Pedestrian safety behavior checklist (Objective 2)
To assess systematic differences between rater values and the PI, an analysis of variance with a priori contrasts on the pairwise comparisons was used. Spearman correlation was used to determine the reliability between the raters's and the PI's total scores. The mean of each rater and the PI's score was correlated with the difference between each rater and the PI's score to evaluate whether errors from the rater was associated with the mean difference (a Bland-Altman plot) [32]. Relative reliability, the extent to which the rater's scores were the same as the PI, was assessed using the two-way mixed intra-class correlation (ICC). Generalizability theory identified the contribution to variability from different sources (the behavior, the rater) and provided a generalizability coefficient, a form of the intra-class correlation, which incorporated the different sources of error [33].

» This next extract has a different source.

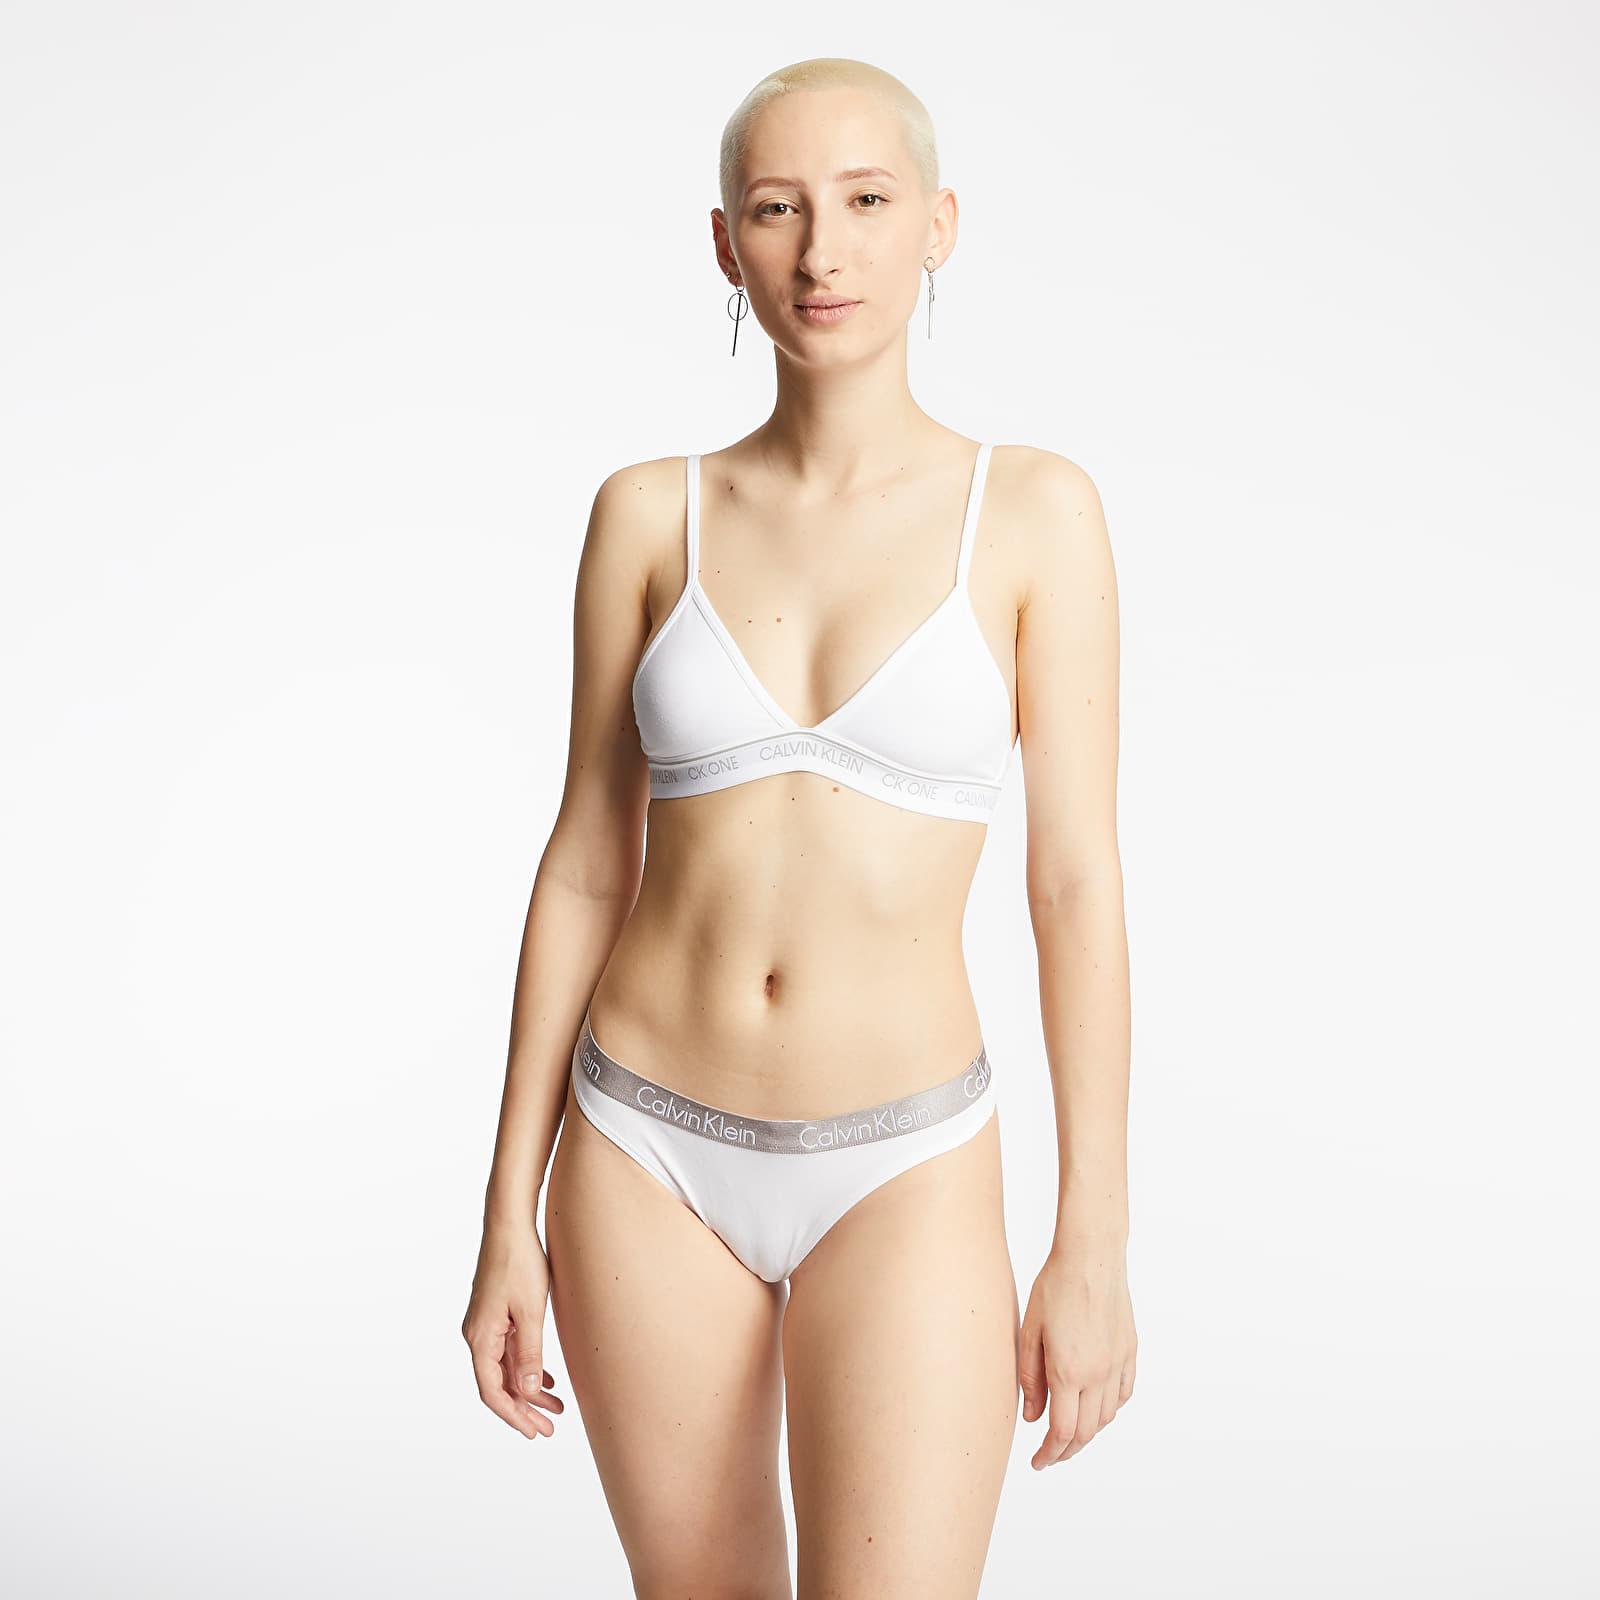 Women's underwear Calvin Klein 3Pack Thong Chrome/ Shoreline/ White
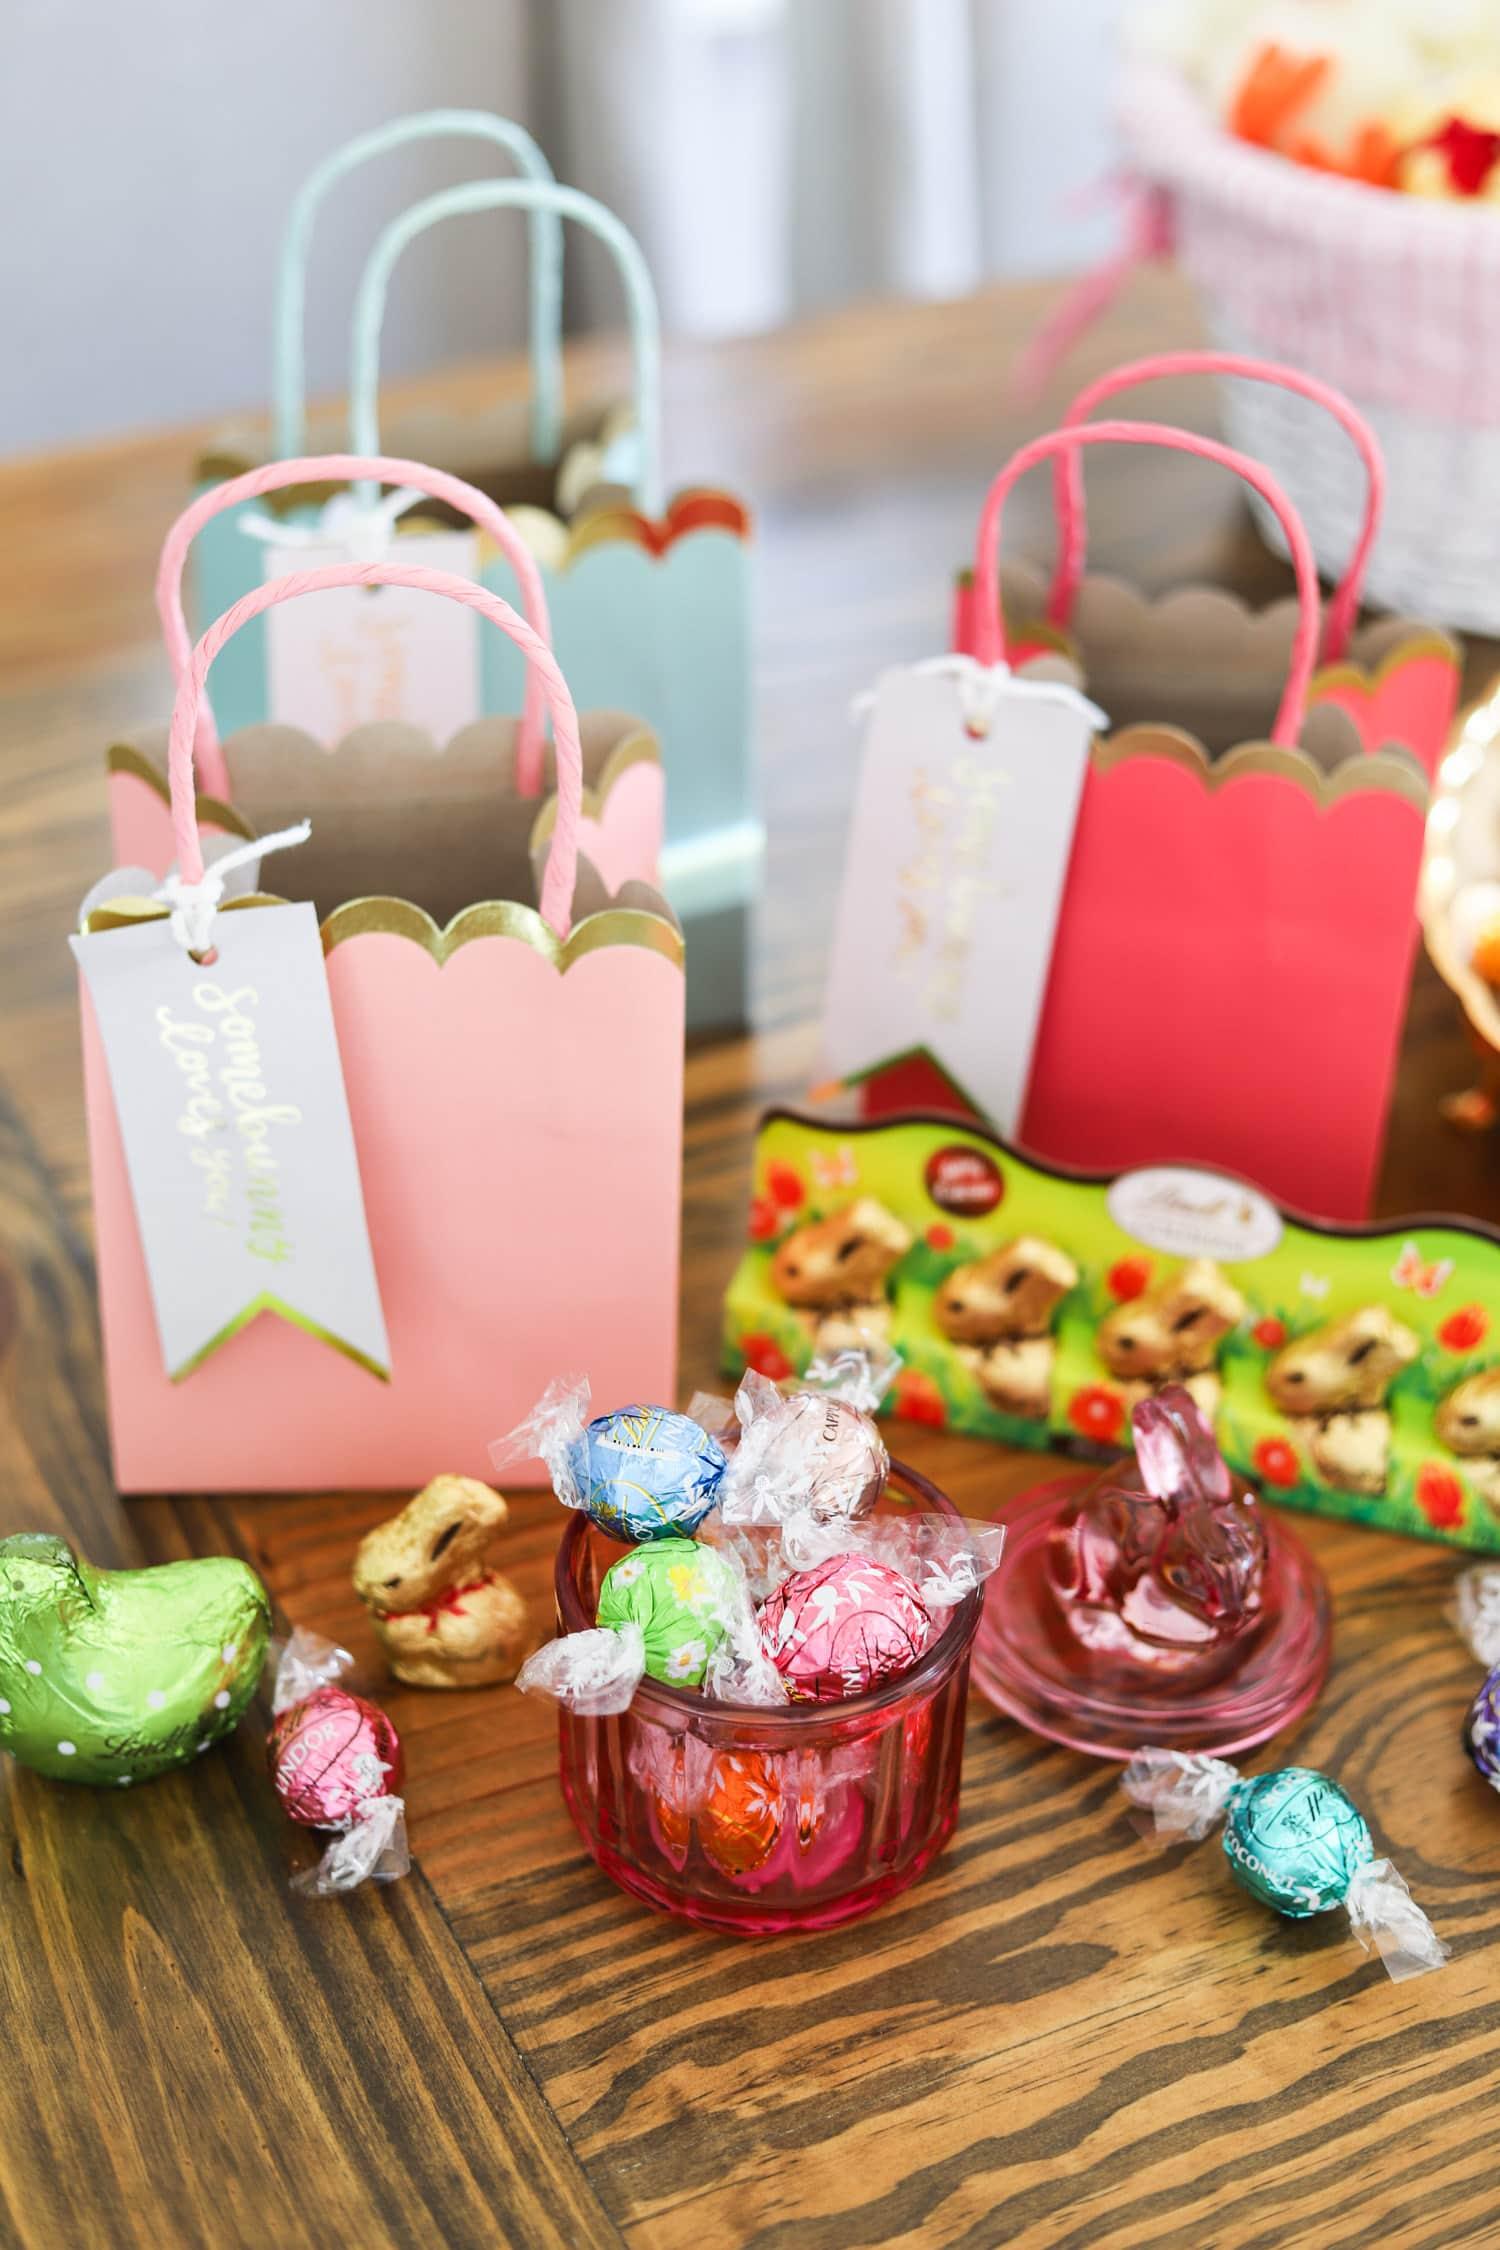 Lindt lindor truffles pink easter bag gold easter bunny lindt party favors for Easter Sunday Easter party

To determine the probability that the rater reported that the behavior was performed, when the individual actually performed the behavior (based on comparison to the PI), the sensitivity was computed. Conversely, the specificity was computed to determine the probability of the rater reporting that the behavior was performed when the individual did not perform the behavior. All analyses were performed using SAS 9.1.3 (SAS Institute Inc., Cary, North Carolina, USA).